To come to the New Testament, in the four Gospels we get the red line of atonement strongly marked. The time of shadows is over, the fulfilment of prophecy has arrived. The Son of God was seen as a Babe lying in a manger in swaddling clothes. Immediately a messenger from heaven, an angel announced that there was born in the city of David "a SAVIOUR, which is Christ the Lord" (Luke 2:11). Mark "a Saviour"! That was His mission.

For thirty years He lived in seclusion, and then the time came for Him to come out in public service. He was a young Man when He stepped out into the limelight of public service. It lasted for a brief three-and-a-half years. He died a young Man.

Lecky, the historian, commenting on this in a striking way, says:

"Christ has exerted so deep an influence that it may truly be said that the simple record three of short years of active life has done more to regenerate and soften mankind than all the disquisitions of philosophers and all the exhortations of moralists."

And this is all the more remarkable a testimony in that it comes from the pen of one who was reputedly an infidel.

A stream of miracles followed the Lord, wherever He went. He healed the sick. He cast out devils. He raised the dead. He preached the Gospel to the poor. The common people heard Him gladly. Our Lord Himself defined His mission: "The Son of Man is come to seek and to save that which was lost" (Luke 19:10).
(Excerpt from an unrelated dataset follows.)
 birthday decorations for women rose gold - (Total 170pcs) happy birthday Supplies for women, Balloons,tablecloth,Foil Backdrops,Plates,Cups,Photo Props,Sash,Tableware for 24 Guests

The title Son of Man was often on His lips. He Himself connected His death as Son of Man with the fufilment of prophecy. "All things that are written by the prophets concerning the Son of Man shall be accomplished. For He shall be delivered unto the Gentiles, and shall be mocked, and spitefully entreated and spitted on: and they shall scourge Him, and put Him to death: and the third day He shall rise again" (Luke 18:31-33). The Apostle John wrote, "As Moses lifted up the serpent in the wilderness, even so MUST the Son of Man be lifted up" (John 3:14).

Who is the Son of Man? Psalm 8 tells us He is destined to have dominion over all the works of God's hand. The prophet Daniel tells us that the day is coming when there shall be given the Son of Man "dominion, and glory, and a kingdom, that all people, nations, and languages, should serve Him: His dominion is an everlasting dominion, which shall not pass away, and His kingdom that which shall not be destroyed" (Daniel 7:14).
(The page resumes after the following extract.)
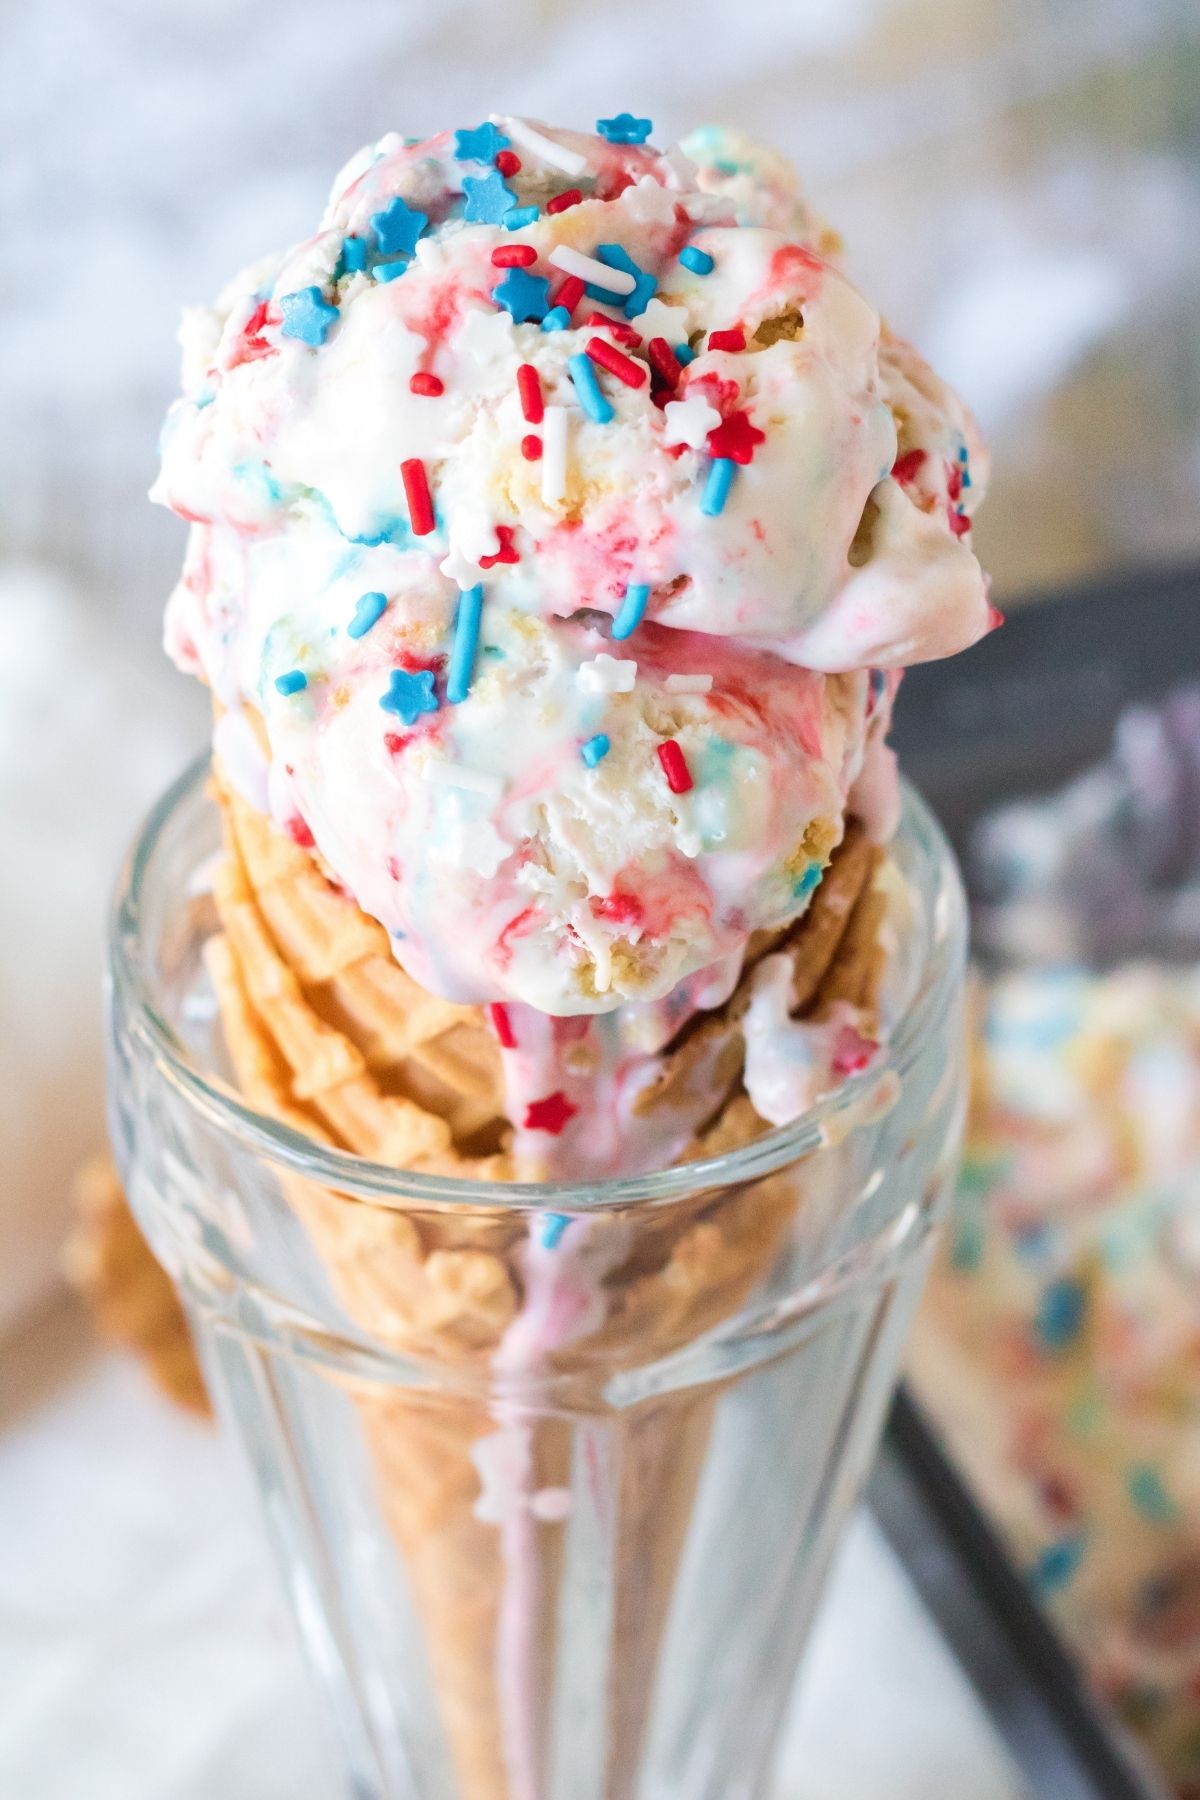 ice cream cone with a couple of scoops of red, white, and blue ice cream standing up in a clear glass

The Son of Man, Heir to such high honours, destined to be the supreme Head of Mankind, is called upon to uphold all for God in this world, where the first man signally failed. Yet this Son of Man again and again told His disciples that He must die and be raised the third day. "From that time forth began Jesus to show unto His disciple how that He must go unto Jerusalem, and suffer many things of the elders and chief priests and scribes, and be killed, and be raised again the third day" (Matt. 16:21). This he repeated again and again. The disciples did not understand it at the time. After He rose from the dead, the meaning of it all became clear to them. One day the Lord will appear and take up His public place of pre-eminence as the Son of Man: "For the Son of Man shall come in the glory of His Father with His angels; and then He shall reward every man according to his works" (Matt. 16:27).

If the Son of Man had not died an atoning death, then His whole action would have been one of unsparing judgement, but He died in order that God might be "just, and the Justifier of him which believes in Jesus" (Rom. 3:26). Only through His death could blessing come to guilty men. Have YOU believed on Him to the saving of your soul?

The third day Christ rose from the dead. This is the great test. His resurrection is the great proof of God's supreme satisfaction with all that Christ is and has done, especially with His atoning death upon the cross under the wrath of a Holy God because of man's sin. His resurrection is the complete vindication of the three wonderful words He uttered after the three hours of darkness, "IT IS FINISHED!" (John 19:30).

So we come to the testimony of the Epistles. The Epistle to the Romans is the unfolding of the Gospel of God in all its grandeur and completeness. If the Gospels give us the atoning death of our Lord from the aspect of its actual historical happening, the Epistle to the Romans gives us the unfolding of the Gospel from the side of doctrine, its meaning, its power, its results.

The red line of atonement is very clearly marked in the Epistle to the Romans. The Apostle Paul declared that he was not ashamed of the Gospel of Christ; "for it is the power of God unto salvation to every one that believes: to the Jew first, and also to the Greek" (Rom. 1:16). The following Scriptures are clear. "The righteousness of God which is by faith of Jesus Christ unto all and upon all them that believe" (Rom. 3:22). Christ "was delivered for our offences, and was raised again for our justification. Therefore being justified by faith, we have peace with God through our Lord Jesus Christ" (Rom. 4:25; 5:1).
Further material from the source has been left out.